傳送完電文,劉睿沒有停歇,一把抓起了通往前敵總指揮部的專線電話。

電話很快接通,那頭傳來陳誠帶著濃重鼻音的疲憊聲音。

“我是陳誠,哪位?”

“總司令,我是劉睿。”

“世哲啊,”陳誠的聲音裡透著一股子不耐煩,“羅店拿下了我知道,戰報我也收到了。剛剛天亮,有事快說!”

“報告總司令,”劉睿的聲音沉穩依舊,“我就是想跟您再親自彙報一遍,此戰之所以能大獲全勝,全賴羅卓英軍長、俞濟時軍長和黃維師長指揮得當,麾下將士用命……”

“行了行了!”陳誠粗暴地打斷了他,“這些漂亮話留到開慶功會再說!我問你,你的第二步計劃,部隊都到位了沒有?小鬼子的反撲馬上就到,你那邊頂不頂得住!”

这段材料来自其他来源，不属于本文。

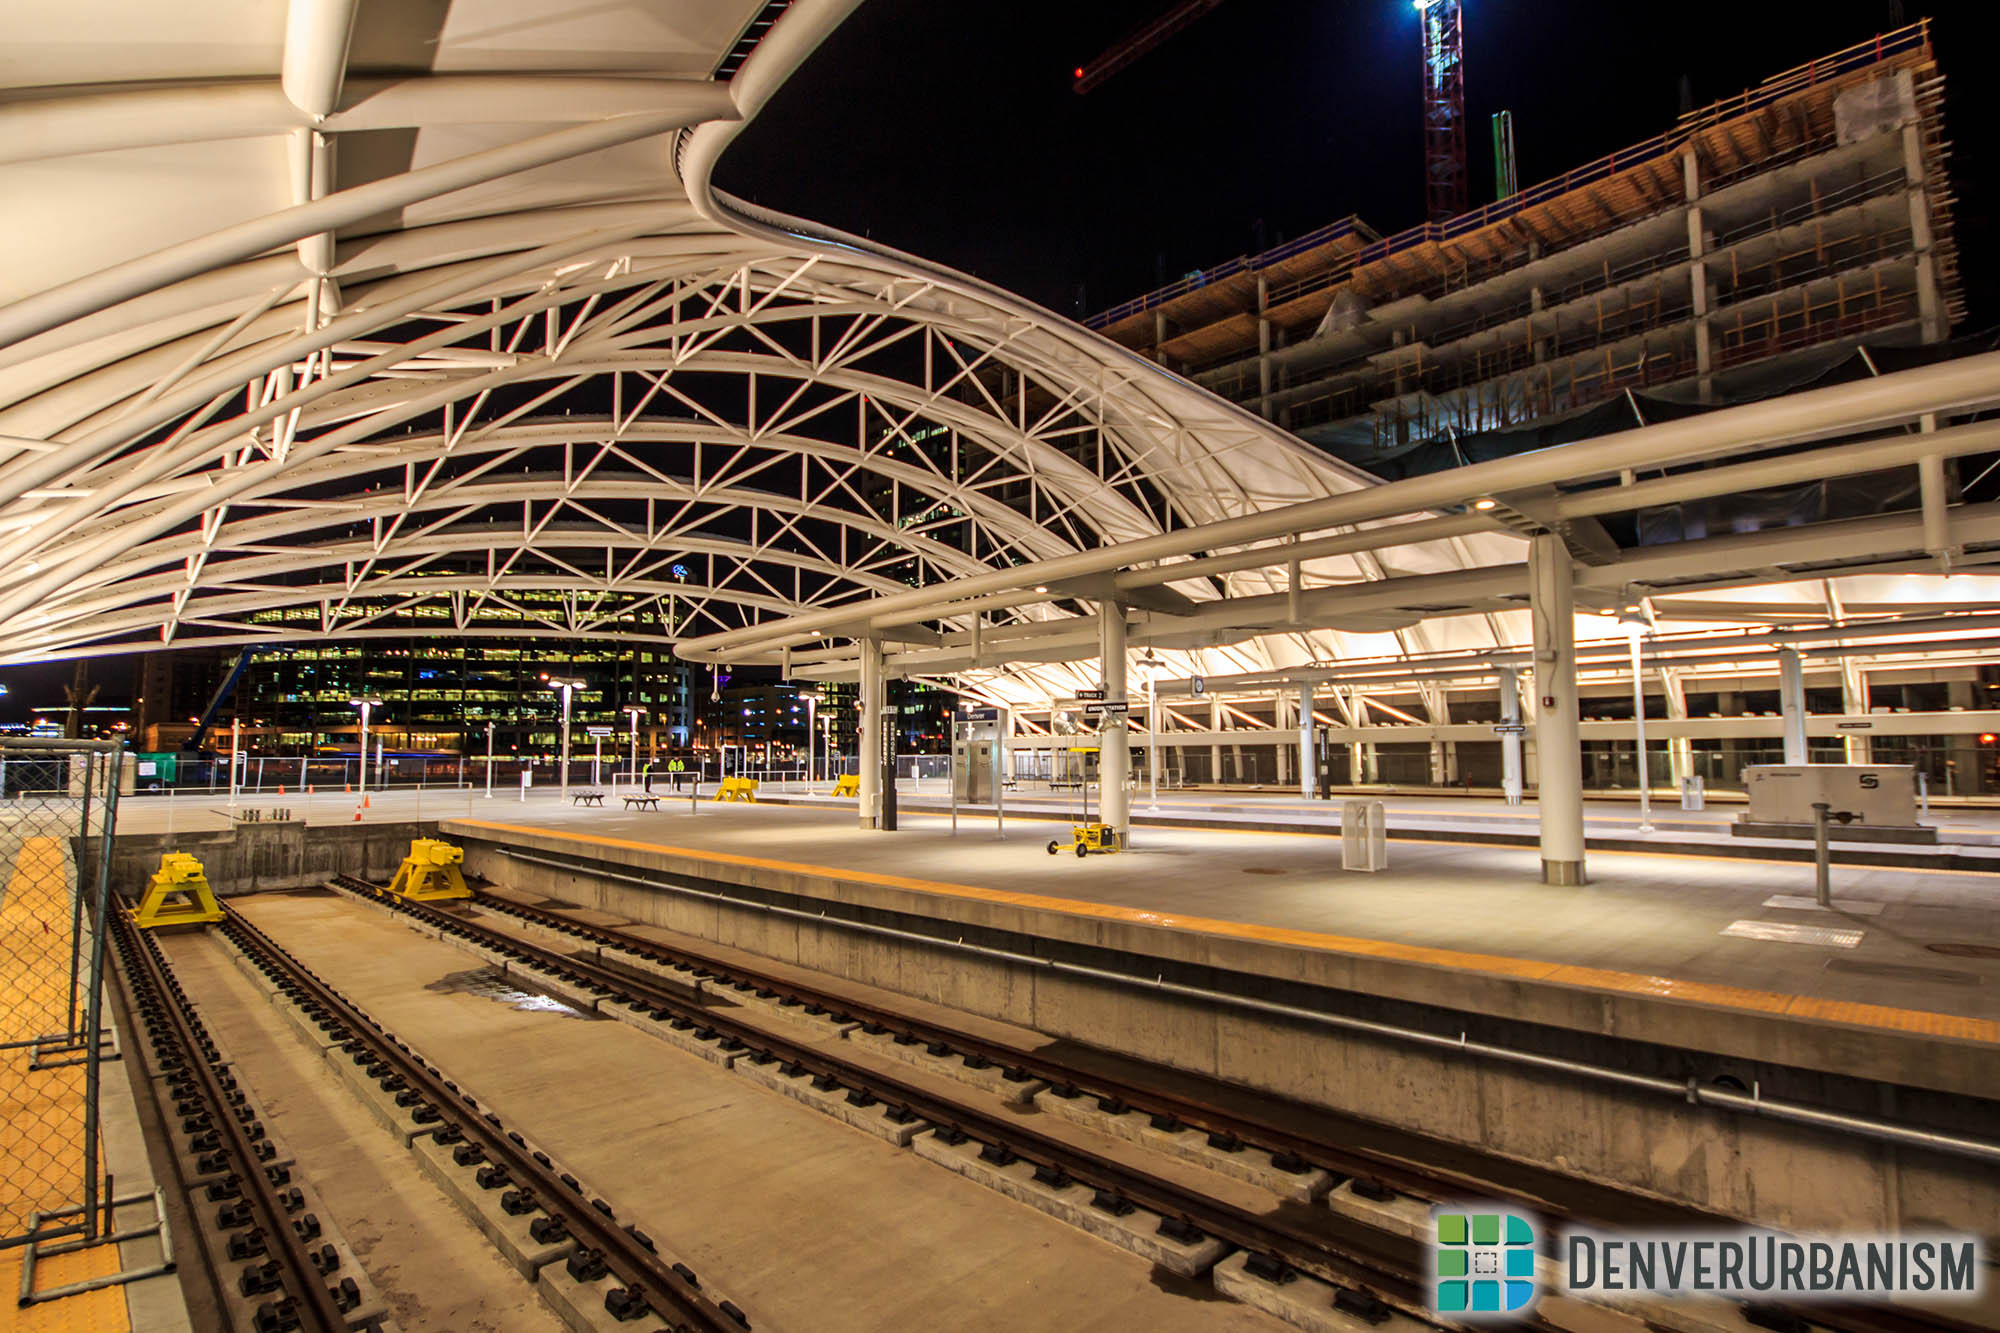 Denver amtrak station photo

“報告總司令,部隊正在按計劃展開。至於鬼子的反撲……”劉睿故意停頓了一下,用一種彷彿剛剛想起來的語氣說道,“可能要比我們預想的,猛烈得多。”

電話那頭,陳誠的呼吸明顯一滯。

劉睿這才不緊不慢地丟擲了真正的炸彈。

“總司令,剛才在打掃戰場的時候,我們發現,日軍的第十一旅團旅團長,天谷直次郎少將,在第一輪炮擊中,就連同他的指揮部,被我師的105榴彈炮給炸死了。”

“順便,我們還繳獲了他那把佐官刀,和他們步兵第十聯隊的聯隊旗。”

電話那頭,陷入了死一般的寂靜。

過了足足五秒鐘,陳誠那壓抑著極致震驚與狂喜、甚至有些變調的聲音,才從聽筒裡炸響!

“你說甚麼?!你再說一遍!!”

“報告總司令,我說,我們打死了日軍一個少將,還繳獲了一面聯隊旗。”

“好!好!好!”陳誠連說三個“好”字,電話那頭的他,猛地從椅子上站起,巨大的動靜甚至讓劉睿這邊都聽到了桌椅碰撞的聲響,“劉睿!你小子……你小子真是我的福將!”

狂喜過後,陳誠瞬間冷靜下來,他敏銳地抓住了問題的關鍵。

“東西在哪兒?可靠嗎?”

“報告總司令,東西就在我指揮部,屍體都給您拉回來了,絕對可靠。”劉睿嘴角微微上揚,說出了他真正的目的。

“不過總司令,我這小廟,怕是供不起這麼大的佛。您看,是不是派個得力的人過來,驗明正身,順便……把這份天大的功勞,給帶回總指揮部去?”

電話那頭,陳誠瞬間明白了劉睿的“甩鍋”意圖。他非但沒有生氣,反而氣笑了,笑聲中帶著一絲讚許。

“你這個鬼小子,算盤都打到我這兒來了!”陳誠的聲音恢復了沉穩,卻透著一股不容置疑的決斷,“東西是你的功,但也是整個戰區的臉面!我馬上讓羅卓英親自帶人過去!你給我把東西看好了,尤其是那面旗!它要是少了一根線,我不槍斃你,我讓你親自去東京給它縫回來!”

劉睿放下聽筒,看著窗外已經徹底大亮的天空,長長地吐出一口氣。

該做的都做了,接下來,就看這盤驚天豪賭,小鬼子跟不跟了。